- REQUIRED WORK
Below is a listing. Return the lines from the one that contains "Modern Tufted Fabric" to the one that contains "Members of the", both ends included, verbatim and with no pictures.

- INPUT
──────────
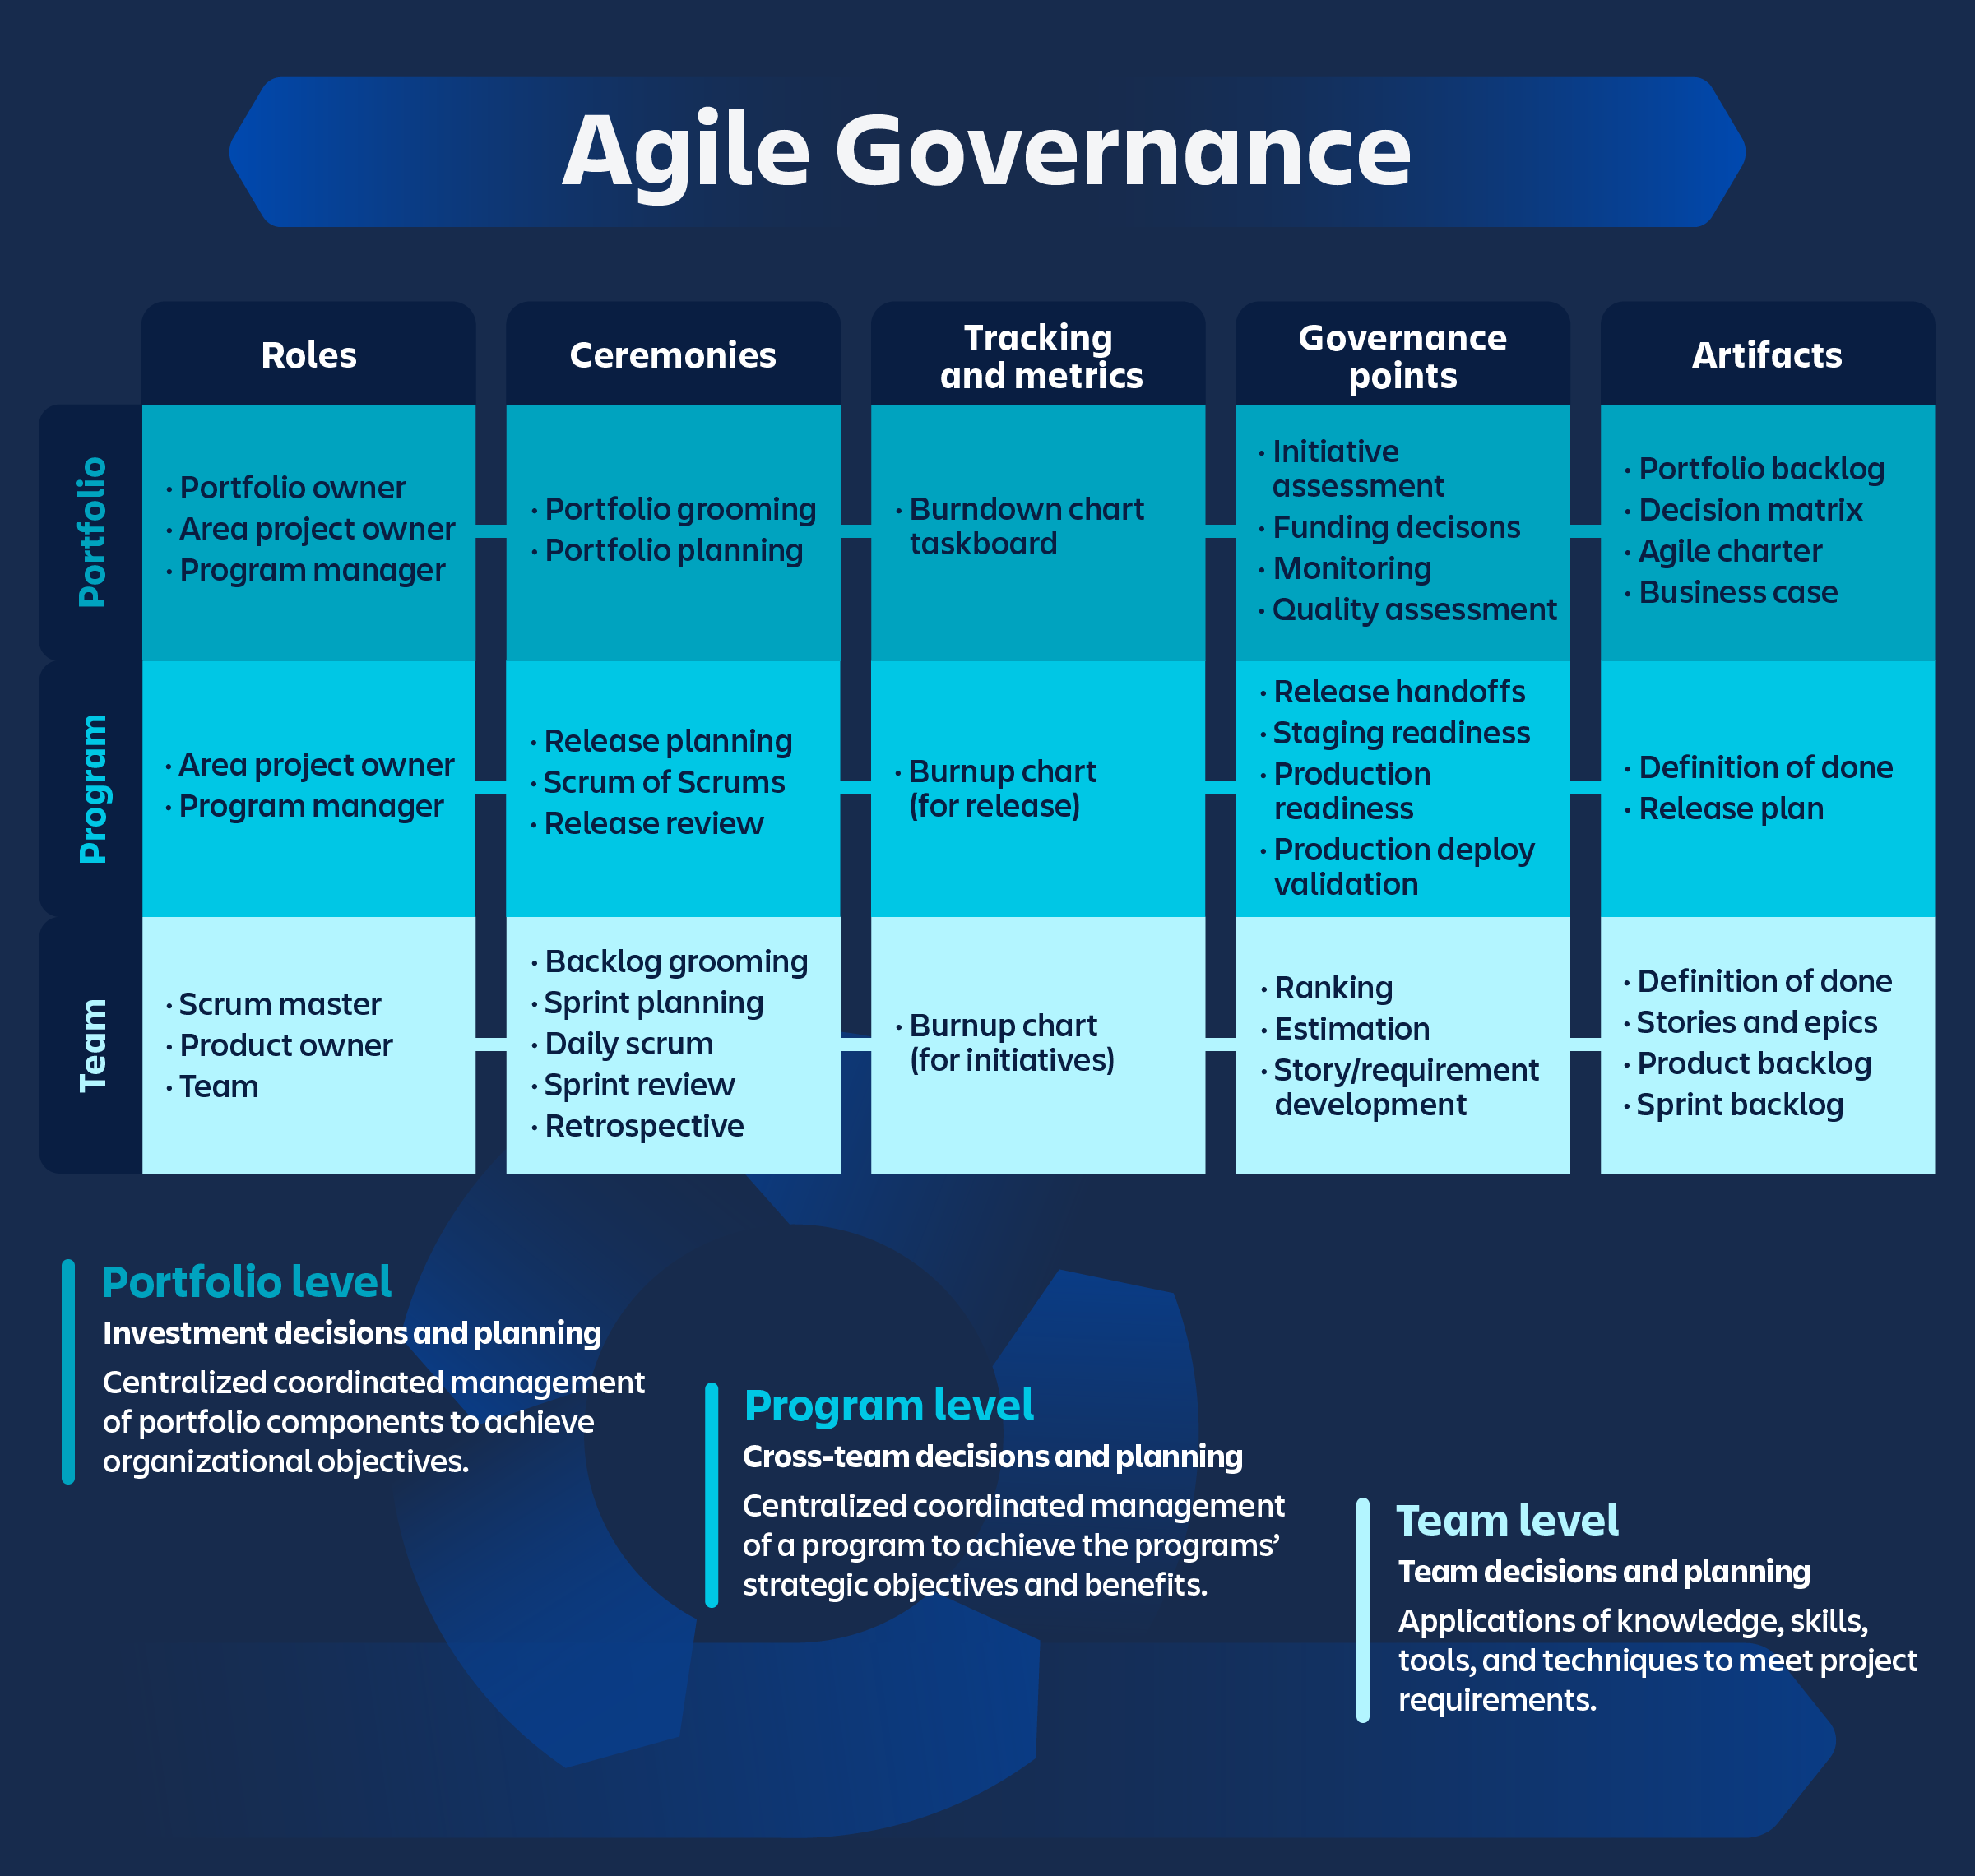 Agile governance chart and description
──────────
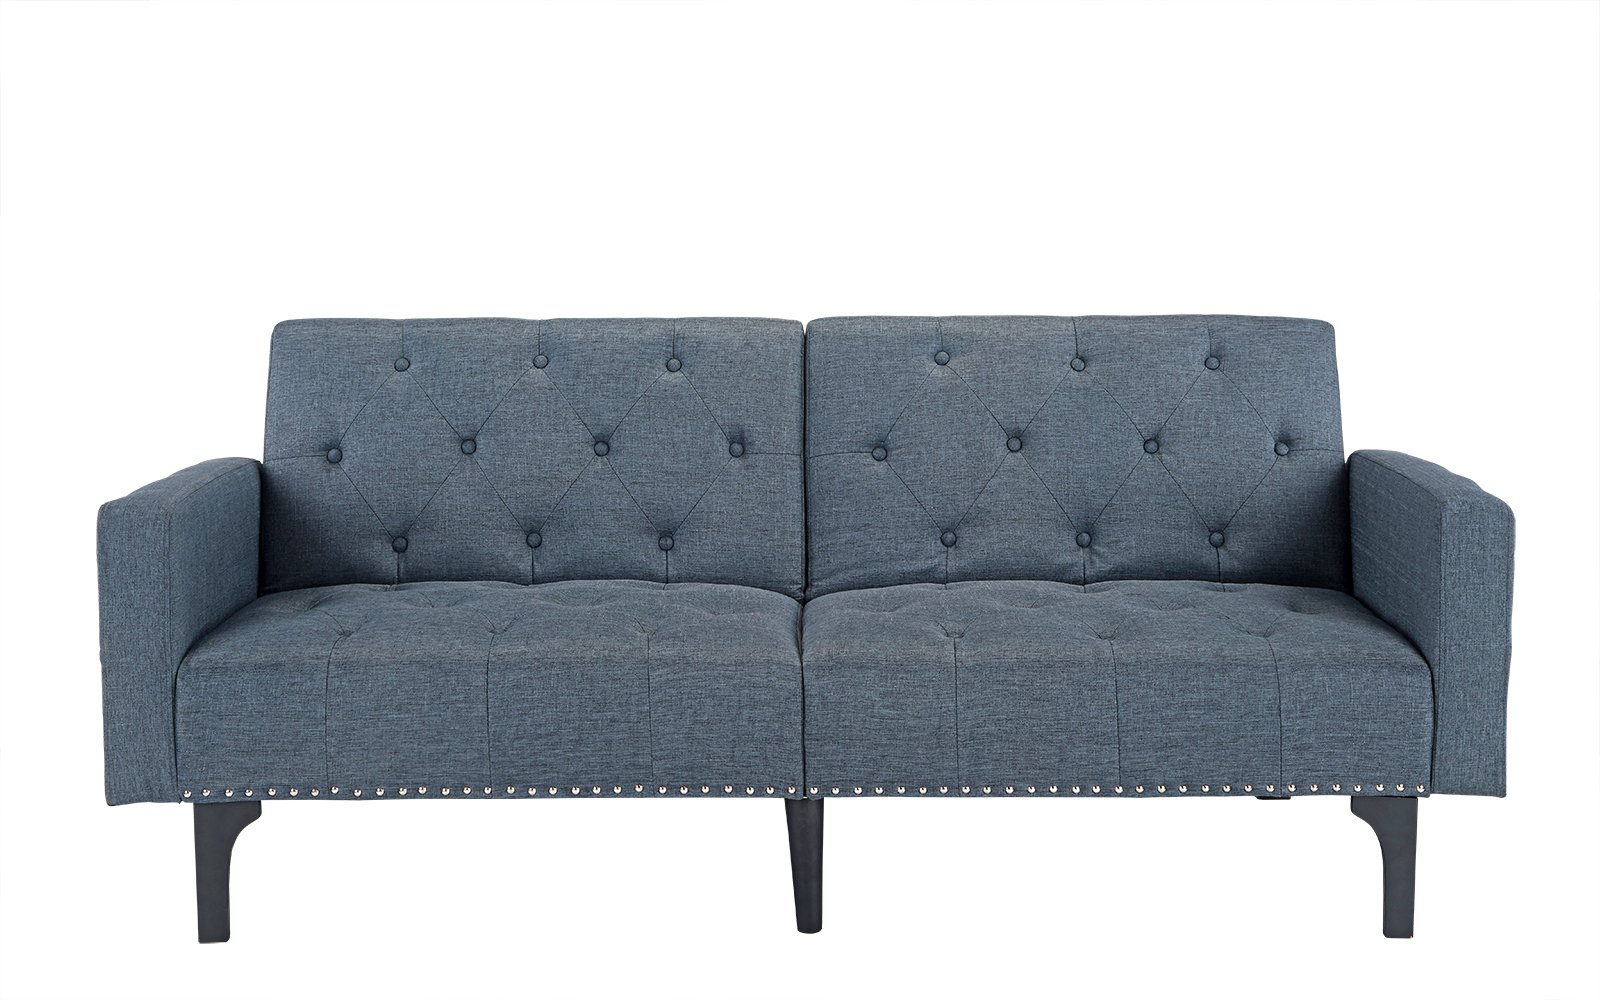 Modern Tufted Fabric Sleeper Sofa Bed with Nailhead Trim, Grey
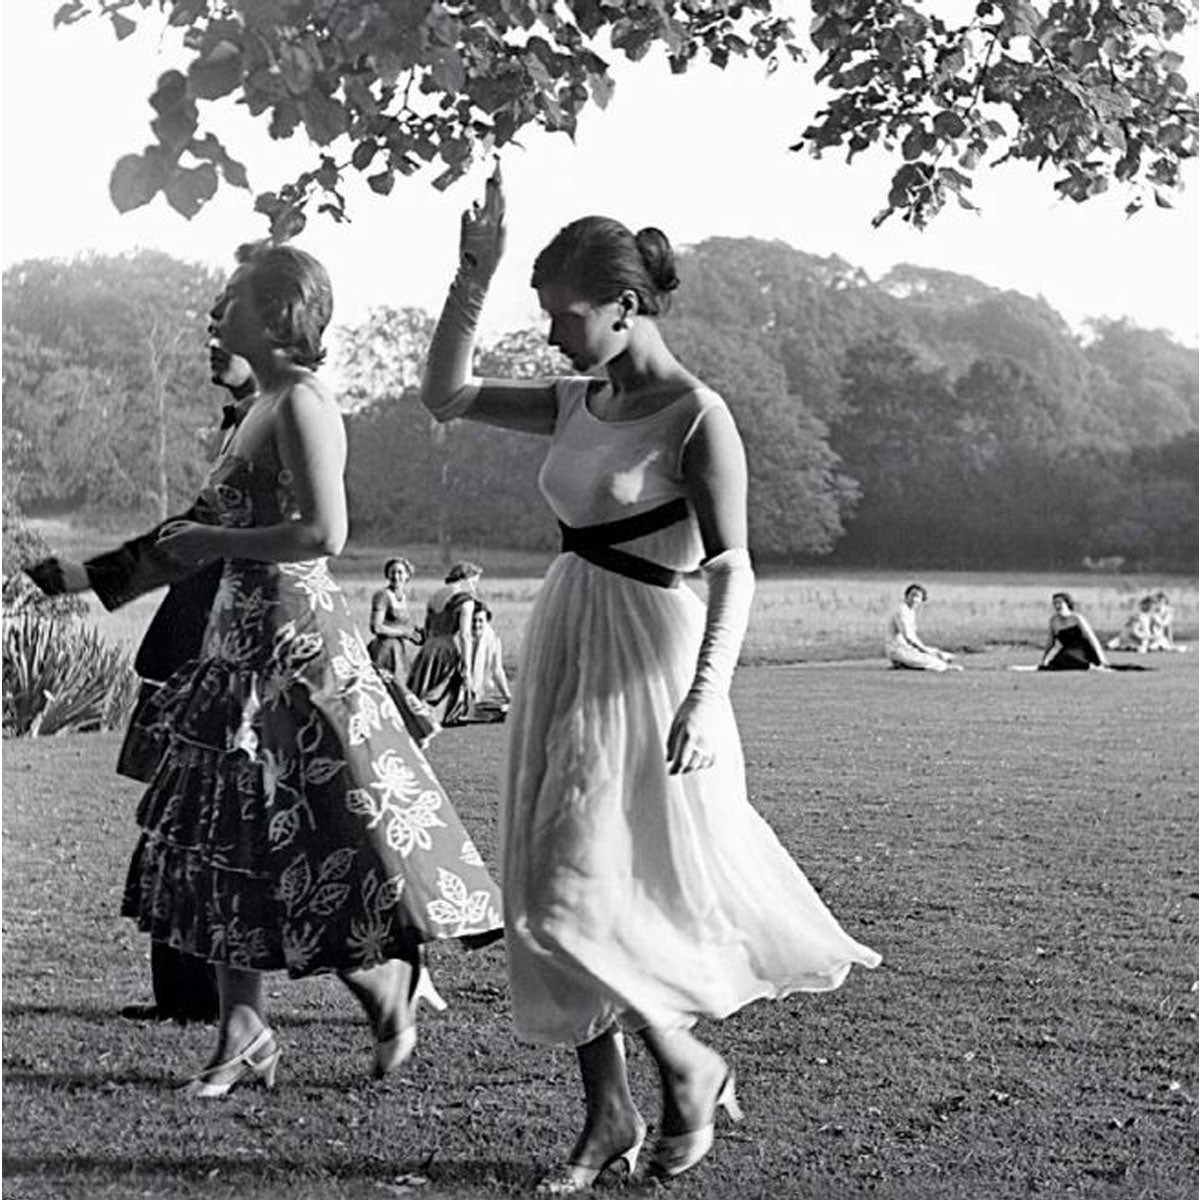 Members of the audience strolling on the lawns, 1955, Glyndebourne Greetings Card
──────────
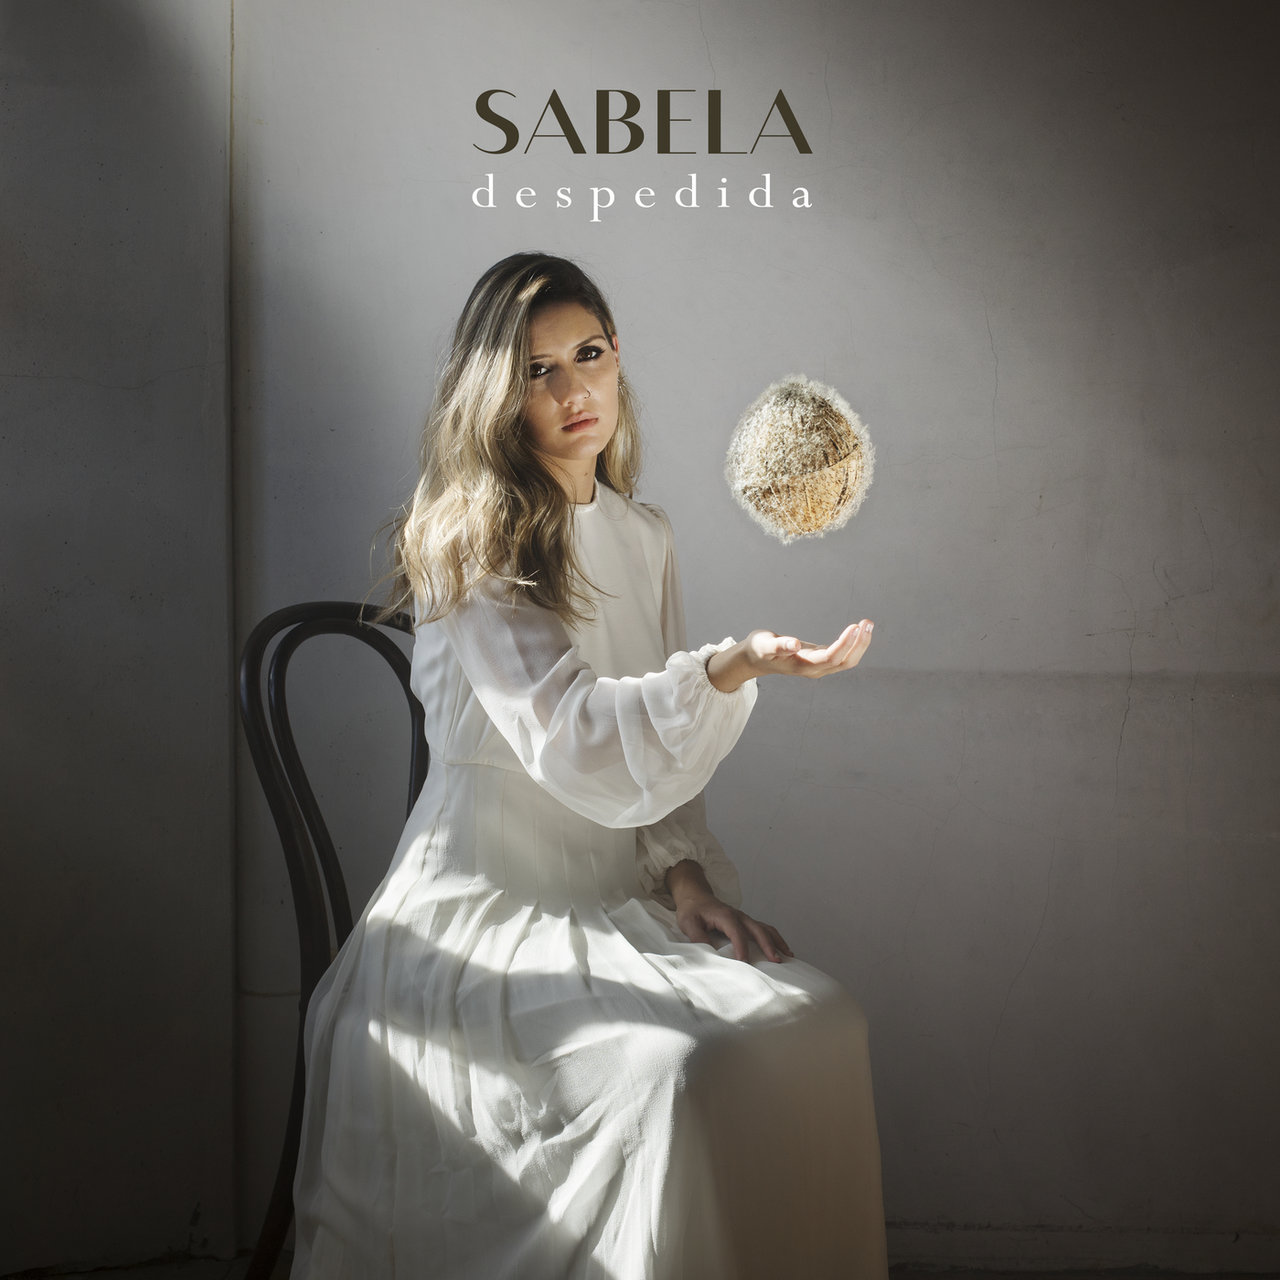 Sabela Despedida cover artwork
──────────
- THE ANSWER
 Modern Tufted Fabric Sleeper Sofa Bed with Nailhead Trim, Grey
 Members of the audience strolling on the lawns, 1955, Glyndebourne Greetings Card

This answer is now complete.